Scientists have unravelled the inner workings of melatonin, also known as the “sleep hormone,” making a major breakthrough for the development of new and promising treatments for insomnia.
The team from the Research Institute of the McGill University Health Centre (RI-MUHC) and McGill University revealed the key role played by the melatonin receptor in the brain that promotes deep, restorative sleep.
This discovery led the researchers to develop a novel drug called UCM765, which selectively activates this receptor.
The results may pave the way for the development of new and promising treatments for insomnia, a common public health problem that affects millions of people worldwide.
“We’ve spent many years to develop medications that act selectively on a single melatonin receptor to specifically promote deep sleep, which we believe is the key to curing insomnia,” said Dr. Gabriella Gobbi, a researcher in psychiatry at the RI-MUHC and the study’s principal investigator.

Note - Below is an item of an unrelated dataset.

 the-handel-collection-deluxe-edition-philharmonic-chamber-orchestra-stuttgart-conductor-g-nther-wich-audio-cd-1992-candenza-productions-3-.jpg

To date most treatments for insomnia, such as benzodiazepines, have not been selective for deep sleep, and can lead to dependence and cognitive impairment.
The research team discovered that two principal melatonin receptors, known as MT1 and MT2, played opposite roles in sleep regulation.

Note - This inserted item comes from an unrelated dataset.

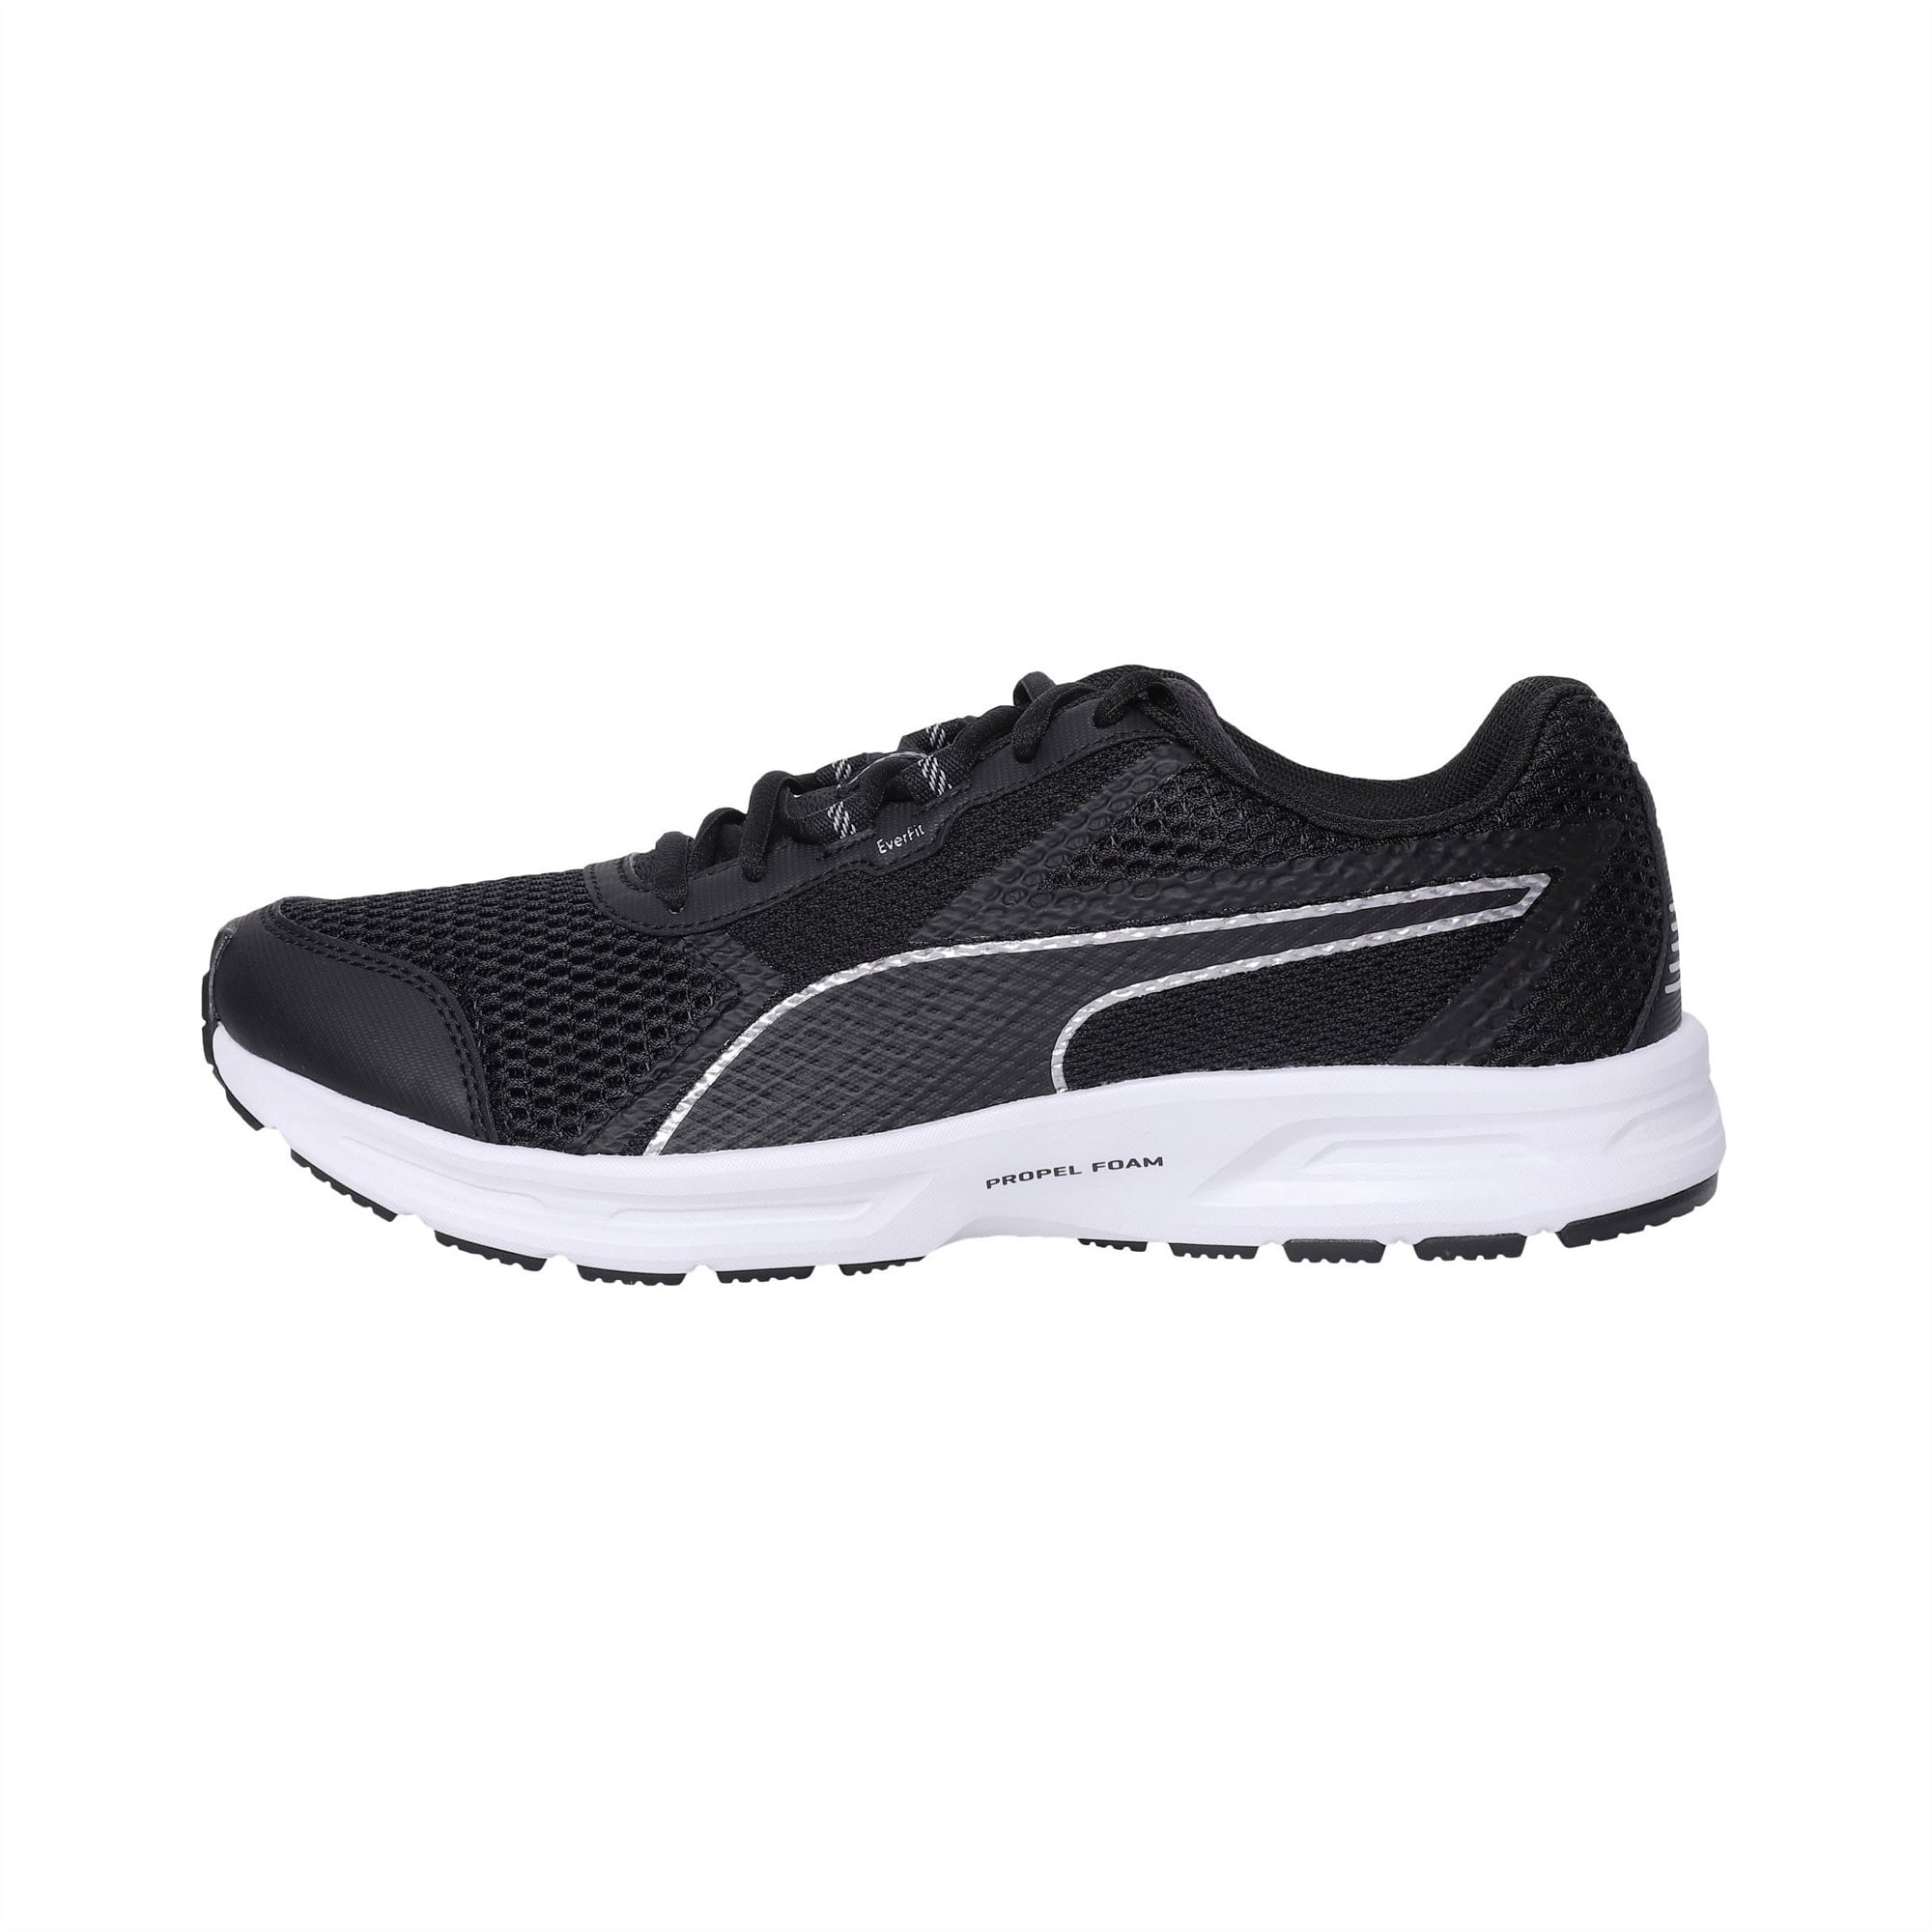 puma black and white running shoes

“We discovered that MT1 receptors act on rapid eye movement (REM) sleep and block non-REM sleep, while MT2 receptors favour non-REM sleep, also known as deep sleep,” explained Dr. Gobbi.
“Specifying the role of MT2 receptors in melatonin represent a major scientific breakthrough that may designate them as a promising novel target for future treatments of insomnia. This discovery also explains the modest hypnotic effect of the over-the-counter melatonin pills, which act on both conflicting receptors,” he added.
The finding has been published in The Journal of Neuroscience.